According to the report's findings, IFAD has been successful in introducing technical changes that have improved agricultural production and productivity. These changes have included the installation of irrigation systems as well as providing smallholder farmers with support to establish or upgrade tea and rubber plantations. Such interventions, combined with support for better access to markets, have also led to higher incomes for a great number of project beneficiaries.
The report highlights the achievements as well as the issues that still need to be addressed. "According to the available data, poverty was reduced from 23 per cent in 2002 to 4 per cent in 2016, but poverty pockets and disparities still persist in different parts of the country," said Oscar Garcia, IOE Director. "It is, therefore, crucial to understanding how IFAD, based on its global experience, can better reach the poorest of the poor.
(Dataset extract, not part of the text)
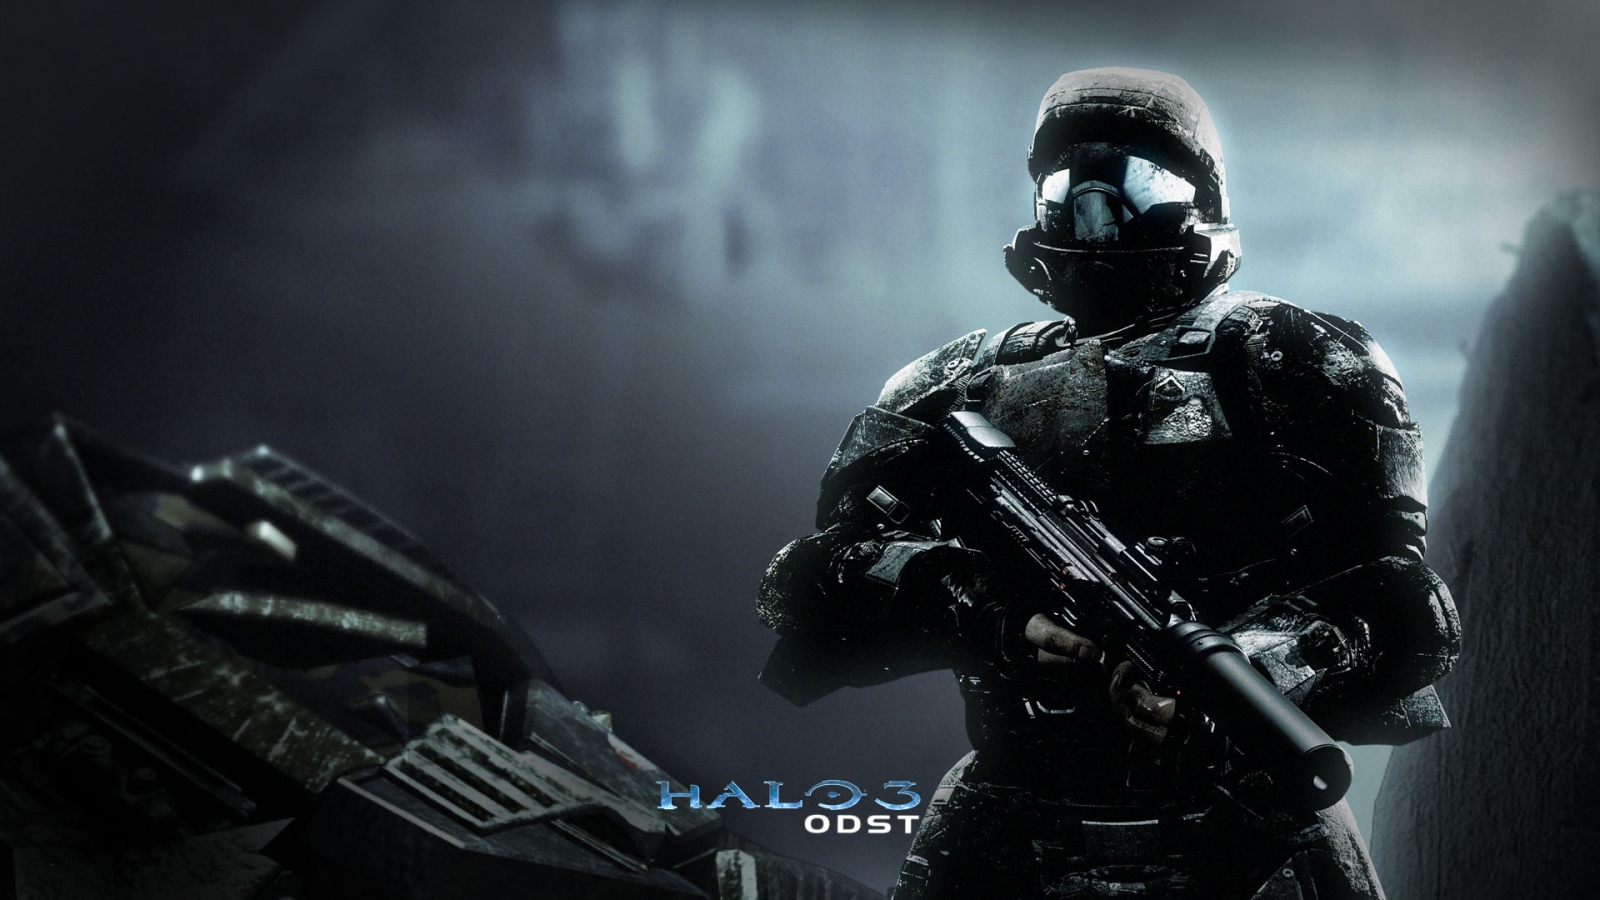 Halo 3 ODST for 1600 x 900 HDTV resolution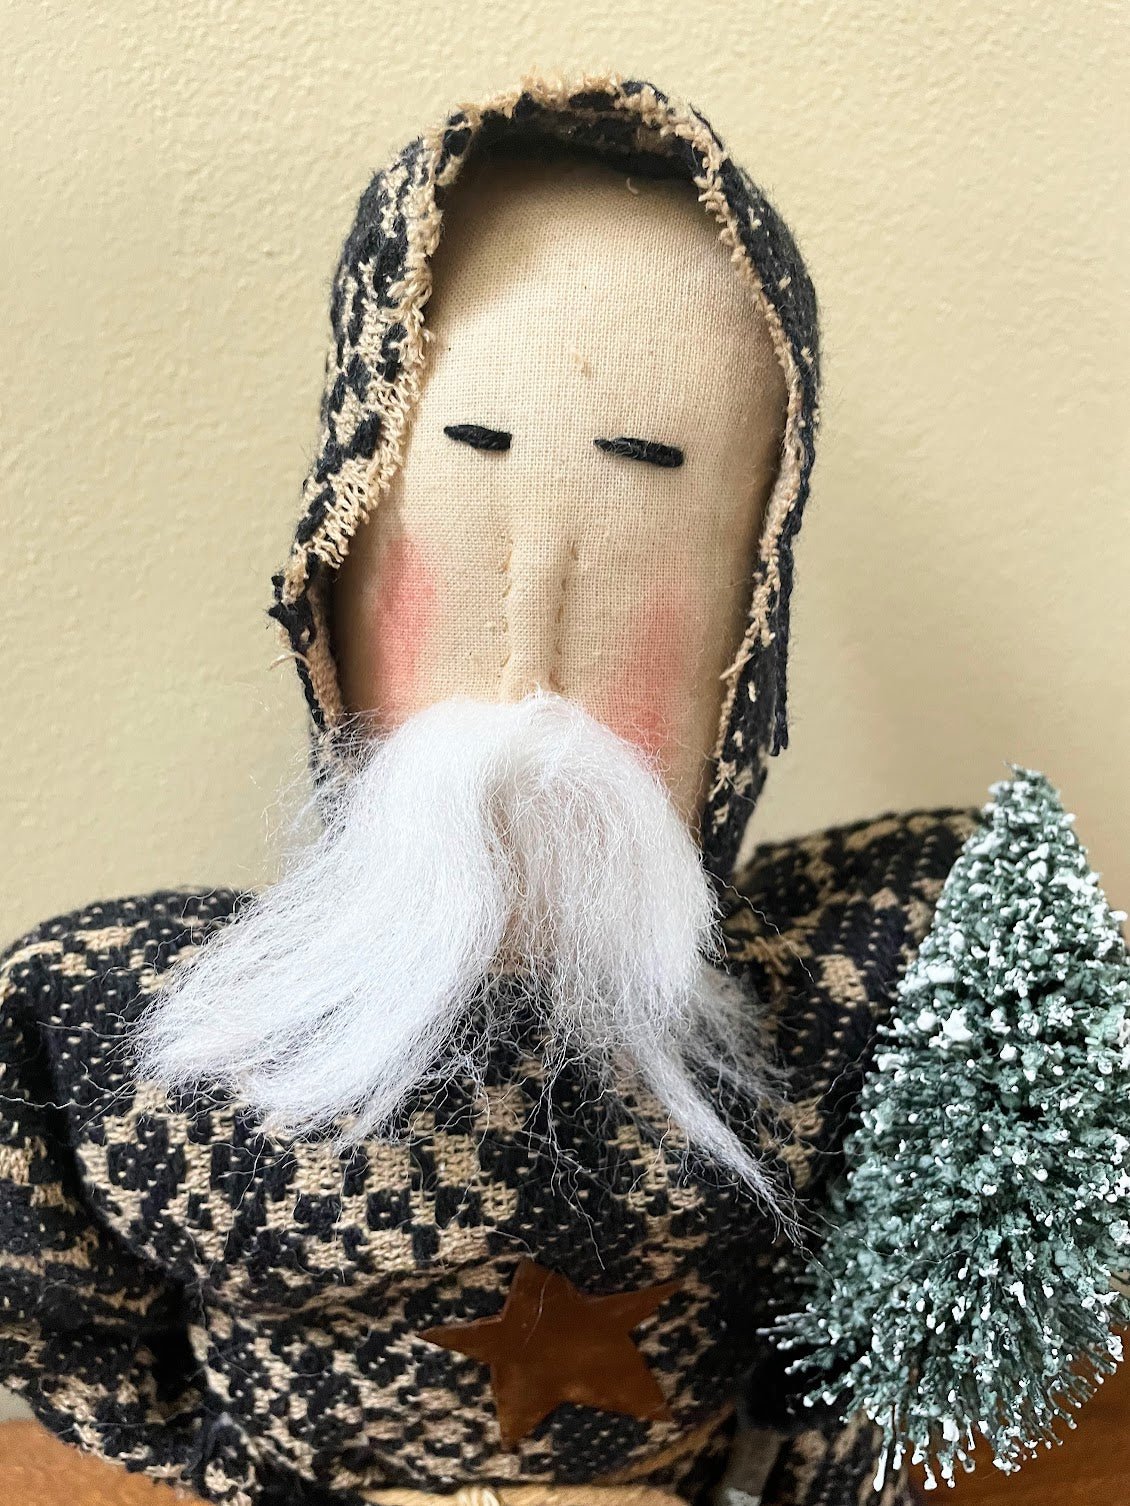 Christmas Handmade Kris Kringle Stump Santa Doll w/ Prim Black Coverlet - The Primitive Pineapple Collection

This evaluation offers valuable recommendations on the way forward," he added.
The report notes that the IFAD-funded projects have increased their focus on partnerships with agribusinesses and financial institutions and that some partnerships were successful in bringing benefits to smallholder farmers such as reliable market opportunities and access to technologies.
The report recommends that more innovative technologies be incorporated into future projects as well as methods to use water more efficiently to strengthen climate resilience and to review rural finance support, exploring ways to innovate and leverage more systemic improvements in the rural finance sector in Sri Lanka.
According to the evaluation report, the country programme should continue to build partnerships with agribusinesses and support ongoing relationships between smallholder farmers and the private sector.
Since 1978, IFAD has invested in 18 projects and programmes in the country for a total cost of US$590.6 million, with an estimated outreach to over 614,000 rural households.